**Source material**
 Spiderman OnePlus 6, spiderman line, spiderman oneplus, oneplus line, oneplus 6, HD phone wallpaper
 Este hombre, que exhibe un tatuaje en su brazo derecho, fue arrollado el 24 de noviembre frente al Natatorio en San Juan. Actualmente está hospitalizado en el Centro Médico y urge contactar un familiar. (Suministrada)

* * *

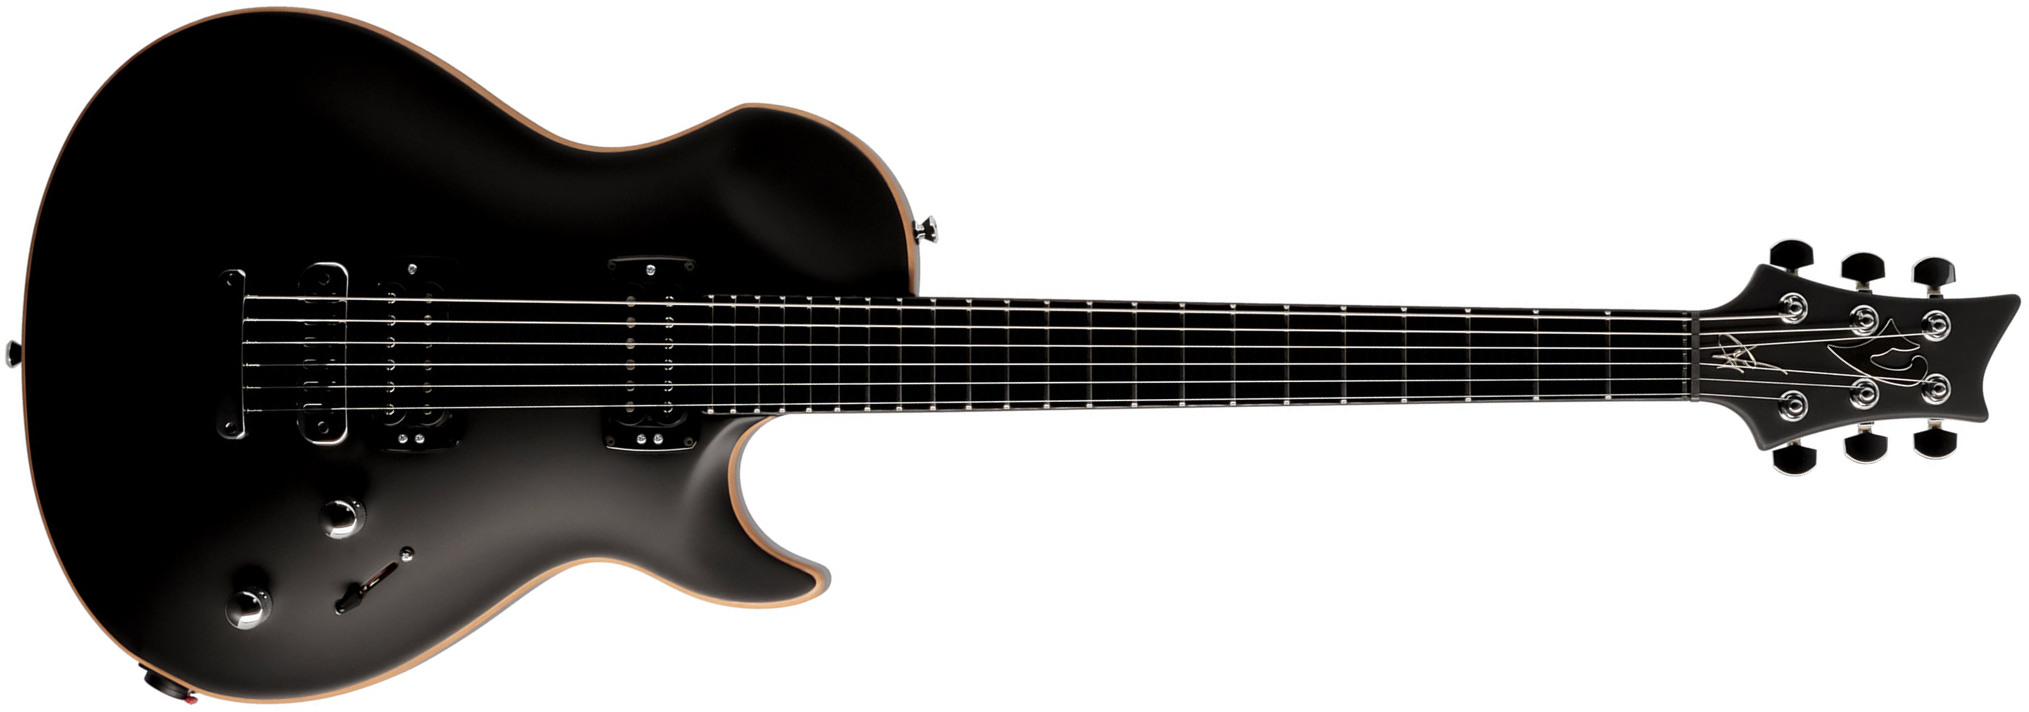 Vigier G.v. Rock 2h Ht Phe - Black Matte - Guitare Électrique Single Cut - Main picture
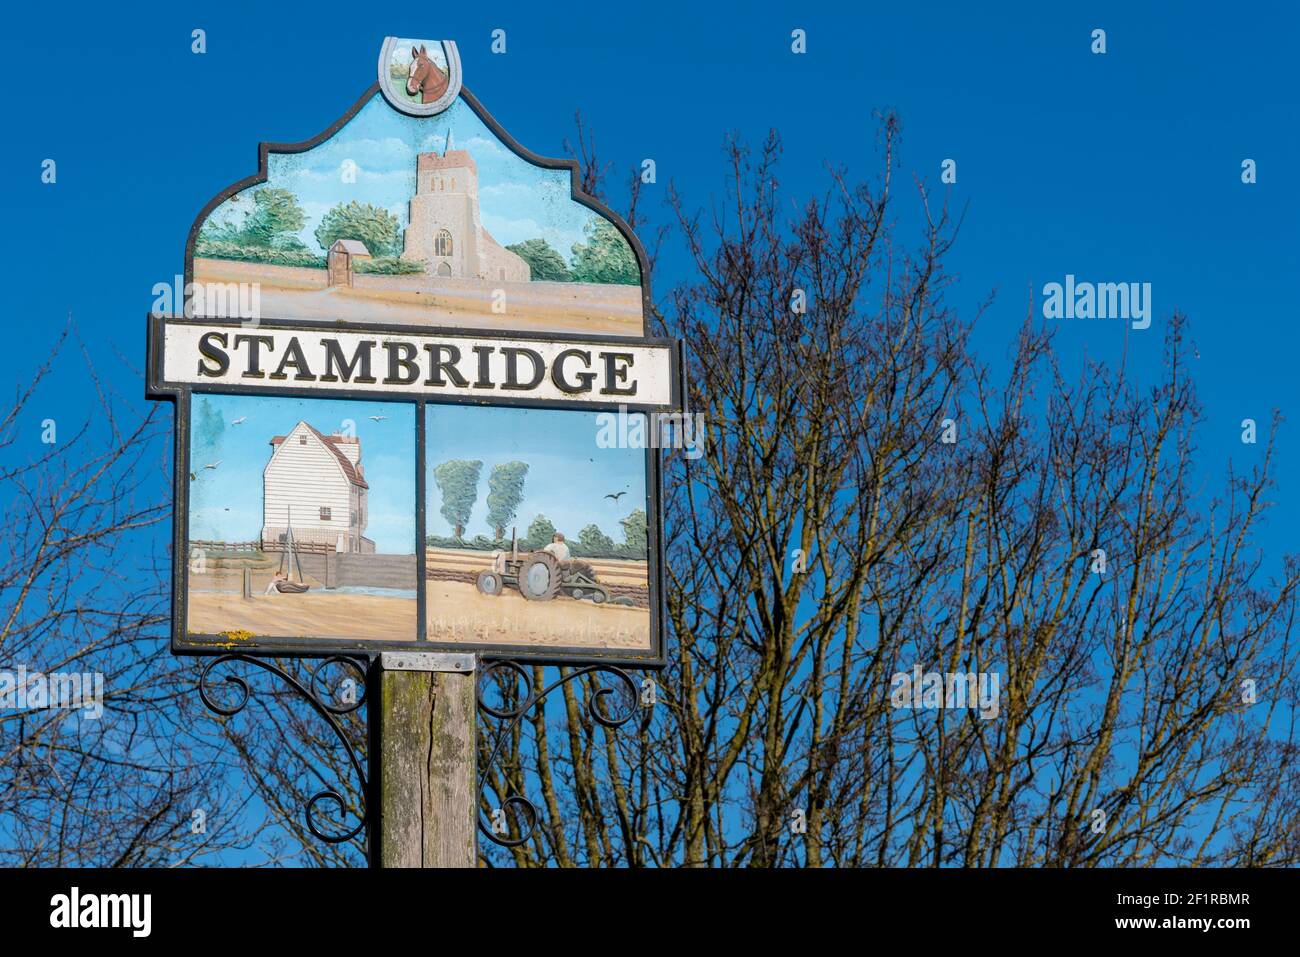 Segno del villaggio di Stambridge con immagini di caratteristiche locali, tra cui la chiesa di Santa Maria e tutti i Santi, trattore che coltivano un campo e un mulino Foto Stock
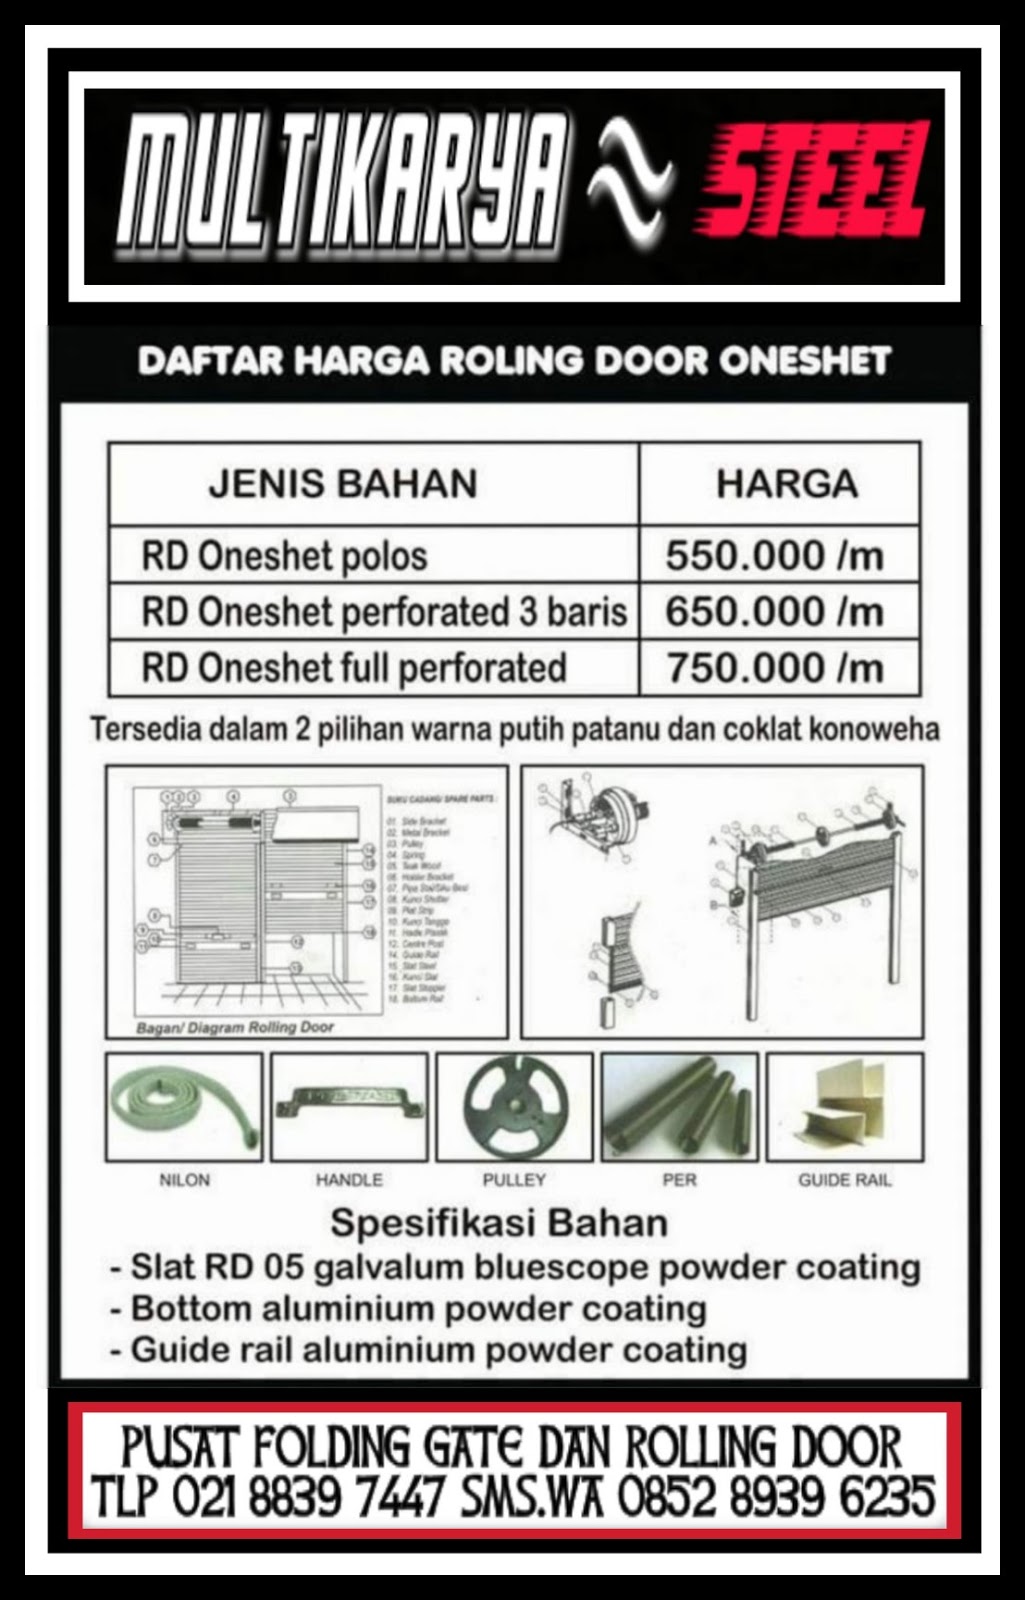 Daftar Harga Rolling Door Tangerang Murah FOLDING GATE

**Directions**
Return only the part of the records above that opens with the line containing "Spiderman OnePlus 6, spiderman" and closes with the line containing "Este hombre, que", ends included.

**Solution below**
 Spiderman OnePlus 6, spiderman line, spiderman oneplus, oneplus line, oneplus 6, HD phone wallpaper
 Este hombre, que exhibe un tatuaje en su brazo derecho, fue arrollado el 24 de noviembre frente al Natatorio en San Juan. Actualmente está hospitalizado en el Centro Médico y urge contactar un familiar. (Suministrada)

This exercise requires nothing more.